Projected misstatements from sample testing were calculated but excluded from the aggregate CAS 450.11 evaluation on the basis that projections are inherently uncertain.

The qualitative evaluation of uncorrected misstatements did not consider effects on debt covenants, management compensation thresholds, or securities regulatory compliance.

For private enterprise audits under ASPE, the misstatement schedule applied IFRS measurement concepts rather than ASPE measurements, resulting in misstatements being over- or understated.

The CAS 450.12 communication to the audit committee presented a single aggregated figure rather than itemising each uncorrected misstatement individually.

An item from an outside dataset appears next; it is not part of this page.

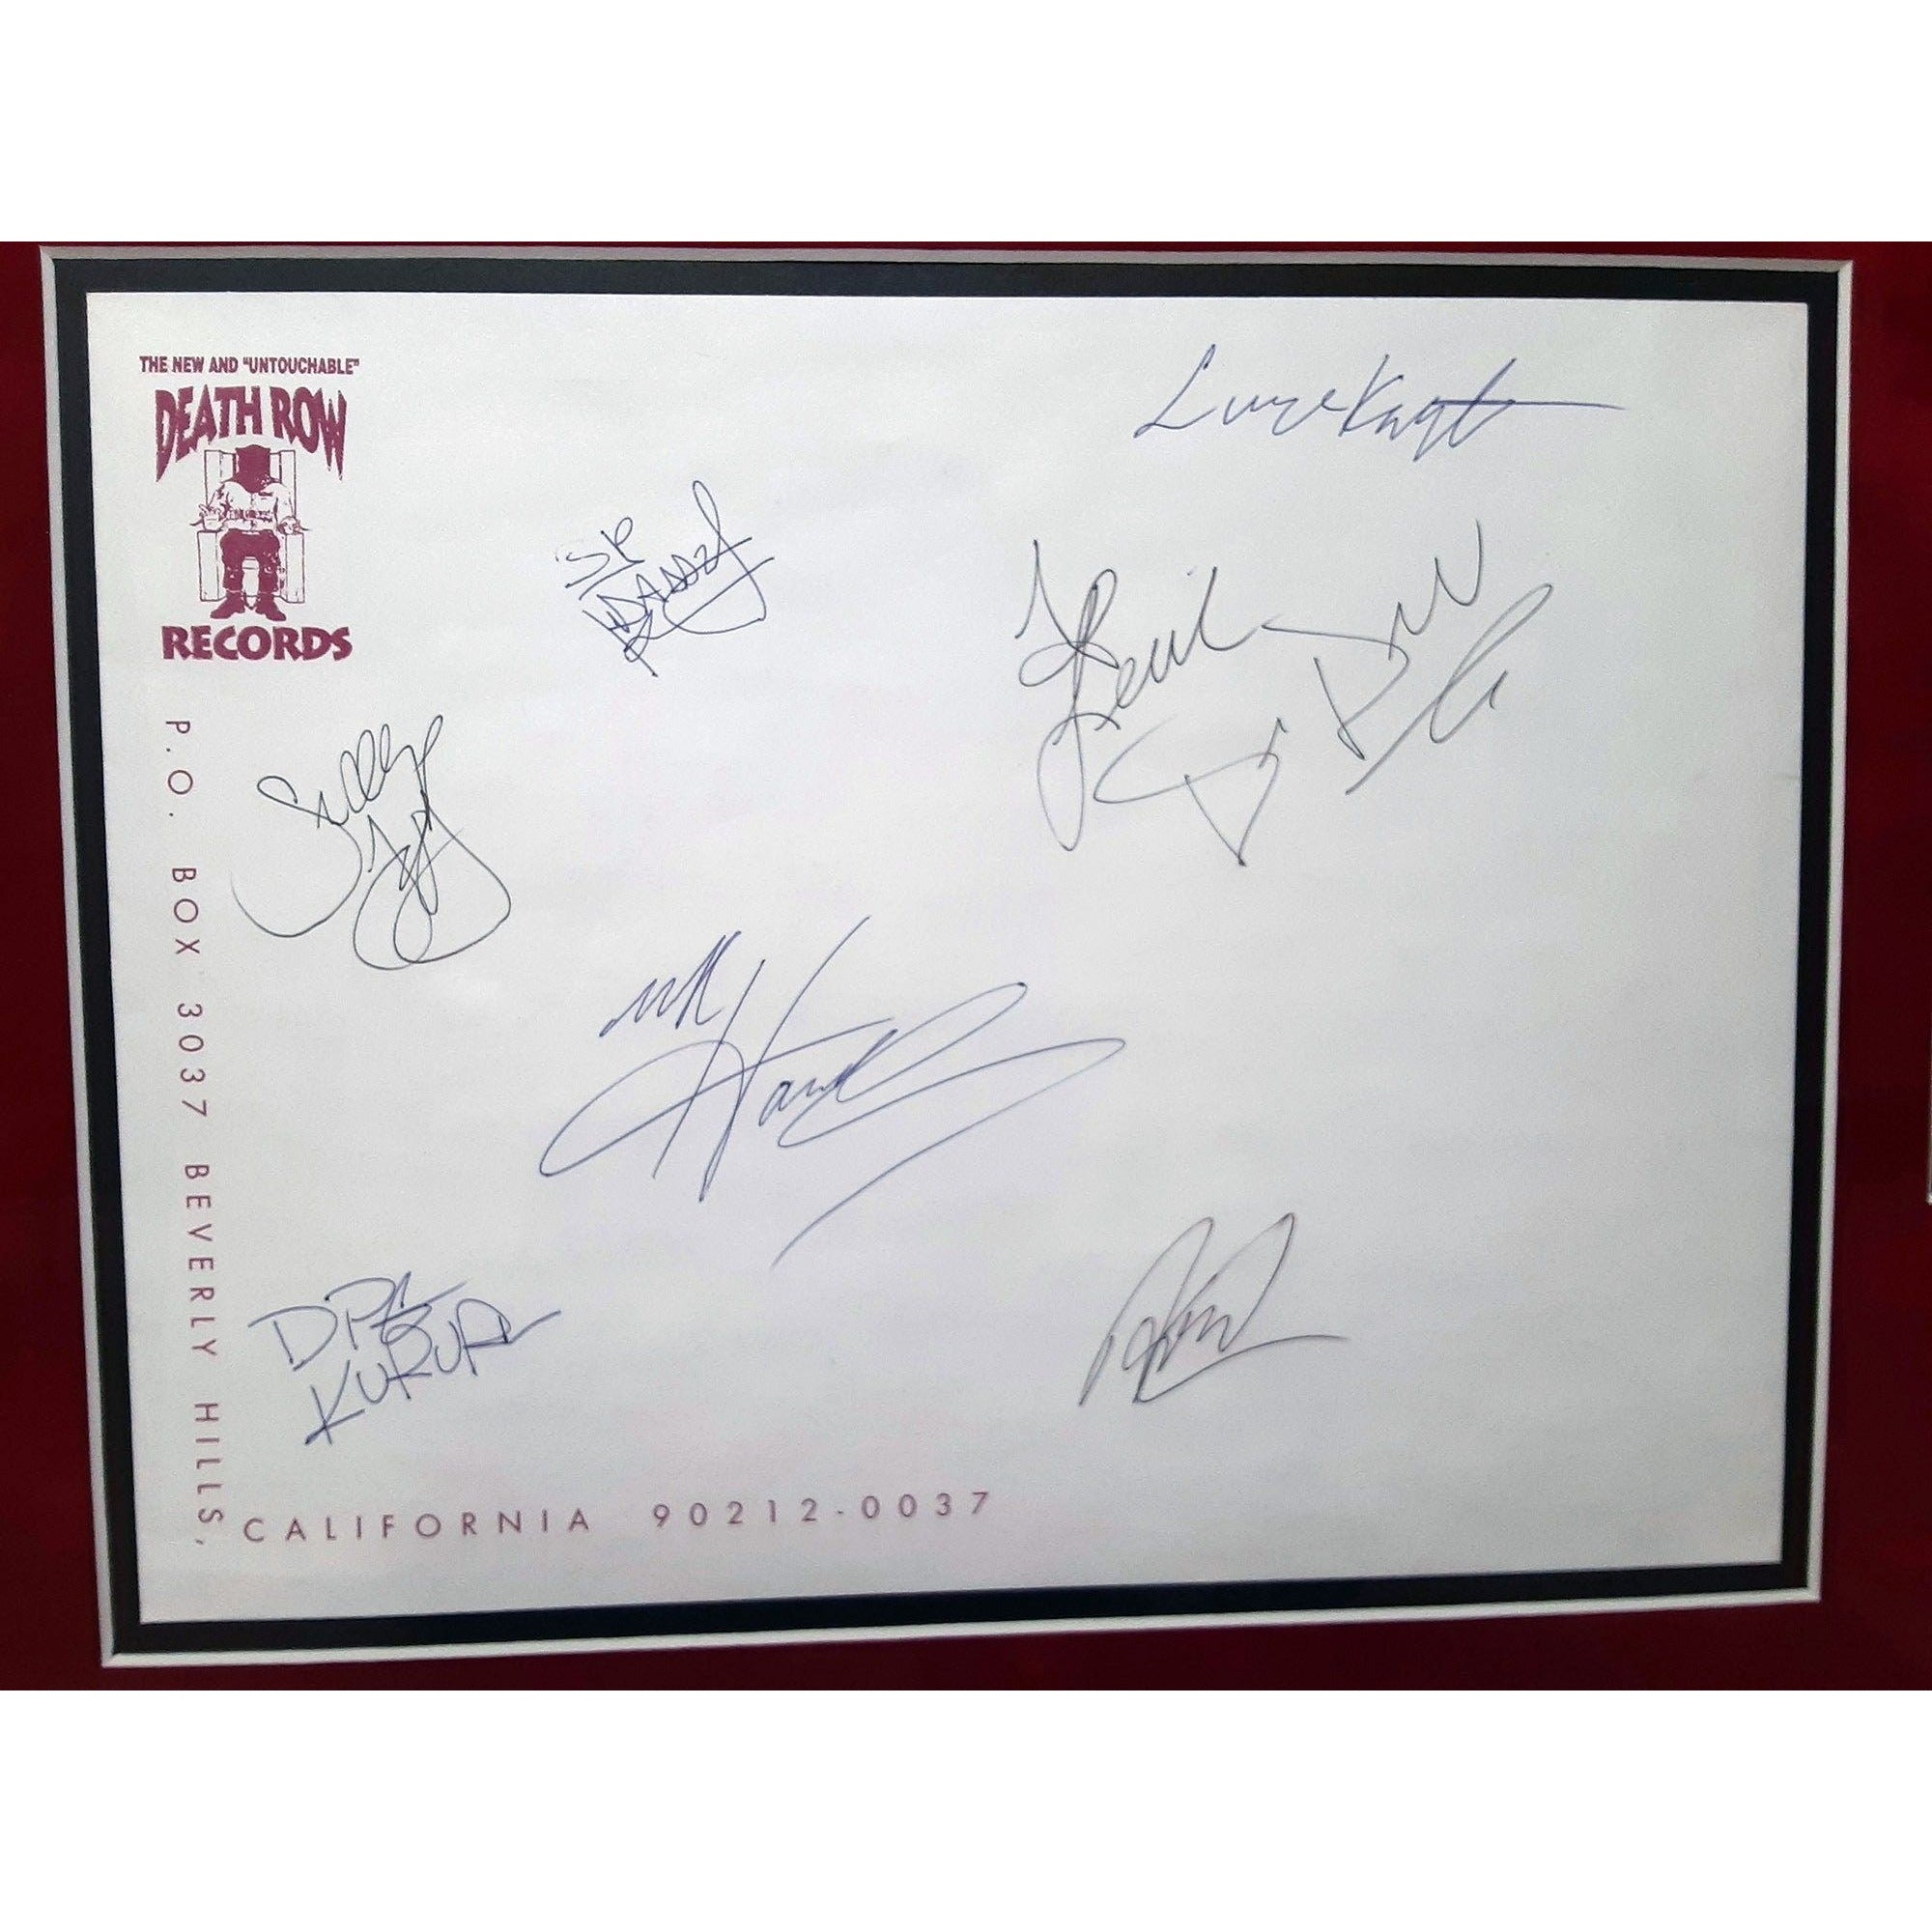 Suge Knight, Tupac Shakur, MC Hammer, Snoop Dogg, Dr, Dre, Death Row OG stationery signed and framed

Frequently asked questions: Canada

How does the IFRS versus ASPE choice affect the misstatement schedule?
The misstatement schedule must reflect the applicable framework's measurements. For an entity reporting under ASPE, financial instruments measured at cost under Section 3856 do not produce fair value misstatements. Similarly, if the entity uses the taxes payable method under ASPE Section 3465, there are no deferred tax balances to evaluate. Ensure the schedule is framework-specific.
What does CPAB expect regarding projected misstatements?
CPAB expects all projected misstatements from sampling to be included on the CAS 450 schedule and in the aggregate evaluation. The projection should cover the untested population and include a consideration of sampling risk. CPAB has rejected the argument that projected misstatements can be excluded because they are "estimates."
Should I consider the small business deduction threshold when evaluating misstatements?
Yes, for CCPCs with active business income near the C$500,000 threshold. An uncorrected misstatement that pushes income above this threshold increases the tax rate significantly. This threshold effect is a qualitative factor under CAS 450.11 that should be communicated to those charged with governance.
How do provincial CPA practice inspections evaluate CAS 450 compliance?
Provincial inspectors review whether the misstatement schedule is complete, whether the CAS 450.11 evaluation is documented and substantive, and whether uncorrected misstatements were communicated to those charged with governance. The level of detail in the inspection may be less intensive than CPAB's, but the CAS requirements are the same regardless of the entity type.
Do I need to evaluate misstatements against both IFRS and ASPE for a private enterprise that is transitioning between frameworks?
In the year of transition, the financial statements are prepared under the new framework. The misstatement schedule should reflect the new framework's measurements. However, if the transition adjustments themselves contain errors, those are misstatements to be accumulated. Compare the transition adjustments to the auditor's independent calculation of the required adjustments and record any differences.